Réunion du 2 juillet 2009 à 15h00
Mobilité et parcours professionnels dans la fonction publique — Motion de rejet préalable

Photo issue du site de l'Assemblée nationale ou de WikipediaBernard Derosier :

Pour reprendre l'exemple que j'ai cité mardi soir, la suppression du poste de secrétaire d'État chargé de la fonction publique à l'occasion du remaniement ministériel pose question, vous en conviendrez ! Cette décision est étonnante au moment où des sujets stratégiques, comme la mobilité ou le dialogue social, sont en cours de discussion. Vous avez, par communiqué, souligné que si la fonction publique n'avait plus de secrétaire d'État, elle avait un ministre, et que c'était vous. Certes, mais vous avez de si lourdes charges, monsieur le ministre, que la fonction publique, je le crains, ne sera pas la première de vos préoccupations, sauf à dégager les moyens nécessaires à sa mise à mal. Mais j'y reviendrai.

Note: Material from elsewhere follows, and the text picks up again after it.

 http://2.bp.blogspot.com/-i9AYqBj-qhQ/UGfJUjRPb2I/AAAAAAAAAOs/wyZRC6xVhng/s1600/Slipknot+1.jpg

La vision du Président de la République est dangereuse pour l'organisation de l'État, car les valeurs et les principes de la fonction publique risquent d'être subordonnés uniquement aux choix budgétaires opérés par l'autre partie du ministère que vous dirigez, c'est-à-dire le budget.

Par ailleurs, dans cette droite ligne, le Gouvernement a confirmé, dans le débat d'orientation des finances publiques, la suppression d'au moins 34 000 postes de fonctionnaires dans le budget de l'État pour l'année 2010. Ces dizaines de milliers de suppressions de postes, ajoutées à celles décidées ces dernières années, vont fragiliser encore davantage notre capacité d'intervention publique ainsi que nos équilibres territoriaux.

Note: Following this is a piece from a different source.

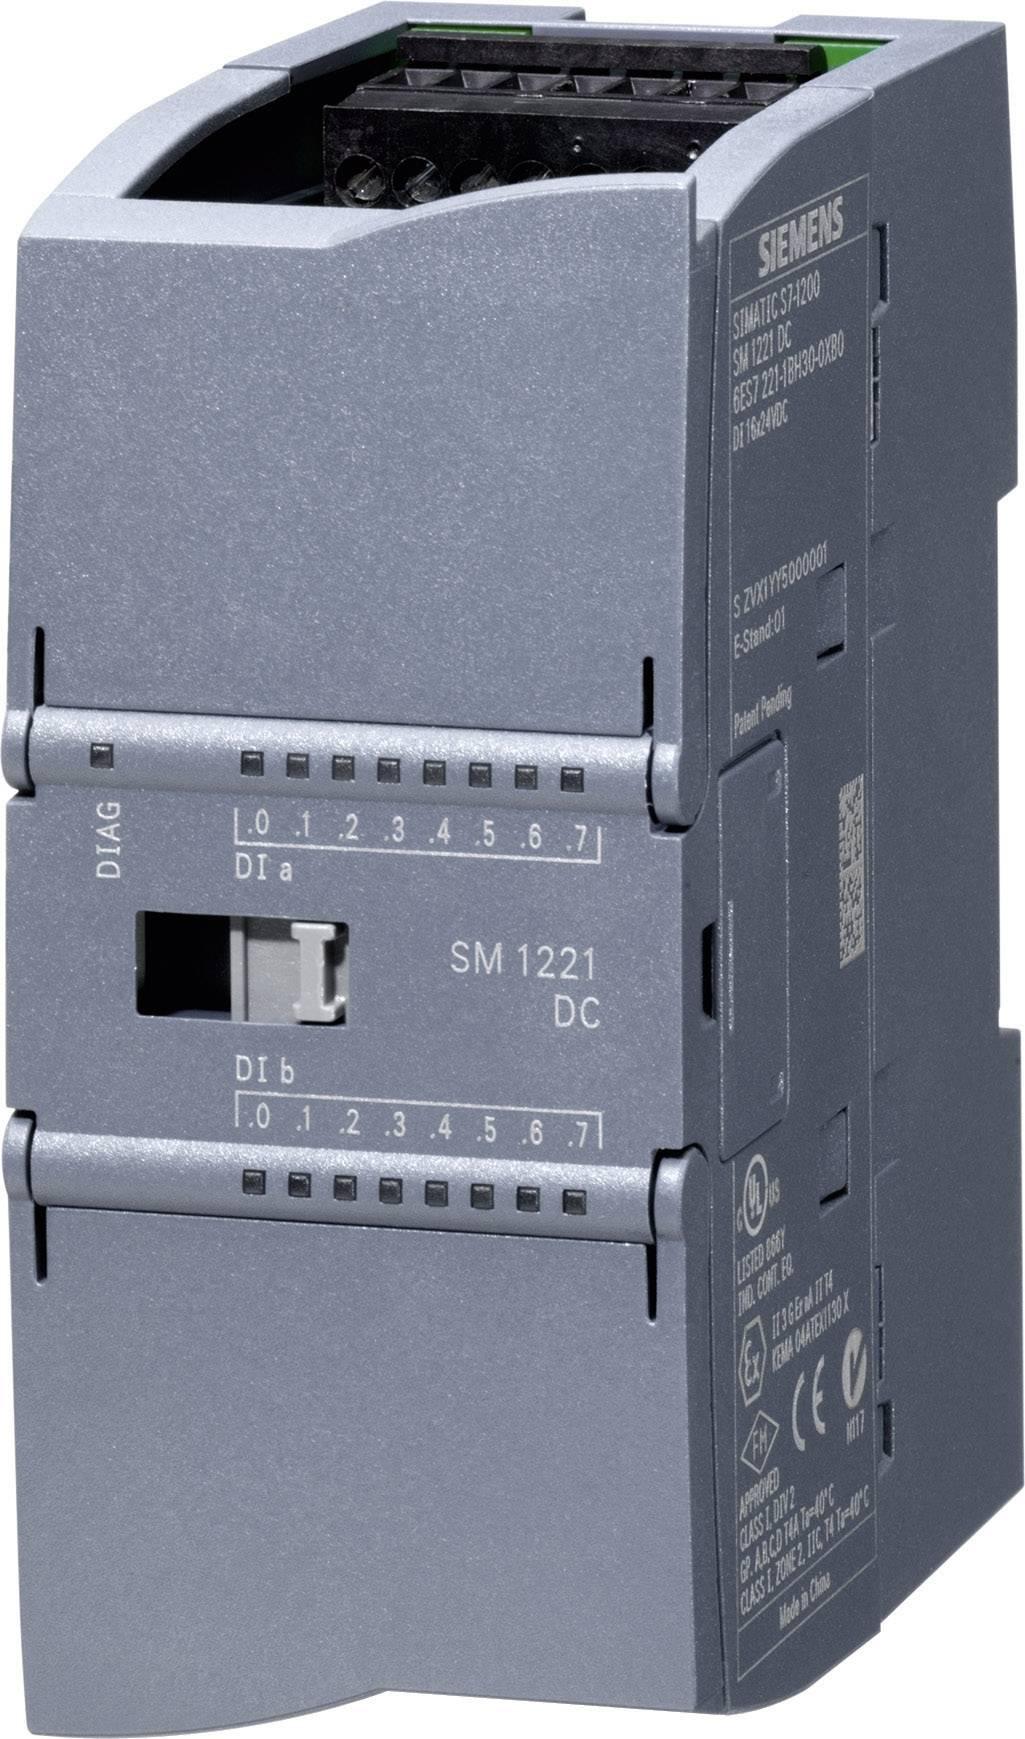 PLC rozširujúci modul Siemens SM 1221 6ES7221-1BF32-0XB0

Enfin, le Gouvernement nous propose aujourd'hui un texte qui, s'il est adopté, aura à terme pour conséquence de modifier profondément le visage de la fonction publique française.

Les organisations syndicales s'y sont fortement opposées et, le 26 mars 2008, le Conseil supérieur de la fonction publique territoriale, que j'ai l'honneur de présider, a émis un avis négatif sur ce projet de loi relatif à la mobilité et aux parcours professionnels dans la fonction publique. Aucune voix favorable, y compris du collège employeur, n'y a été exprimée, tandis que, devant le Conseil supérieur de la fonction publique de l'État, seuls les représentants de l'administration ont approuvé ce projet. Mais pouvaient-ils faire autrement ?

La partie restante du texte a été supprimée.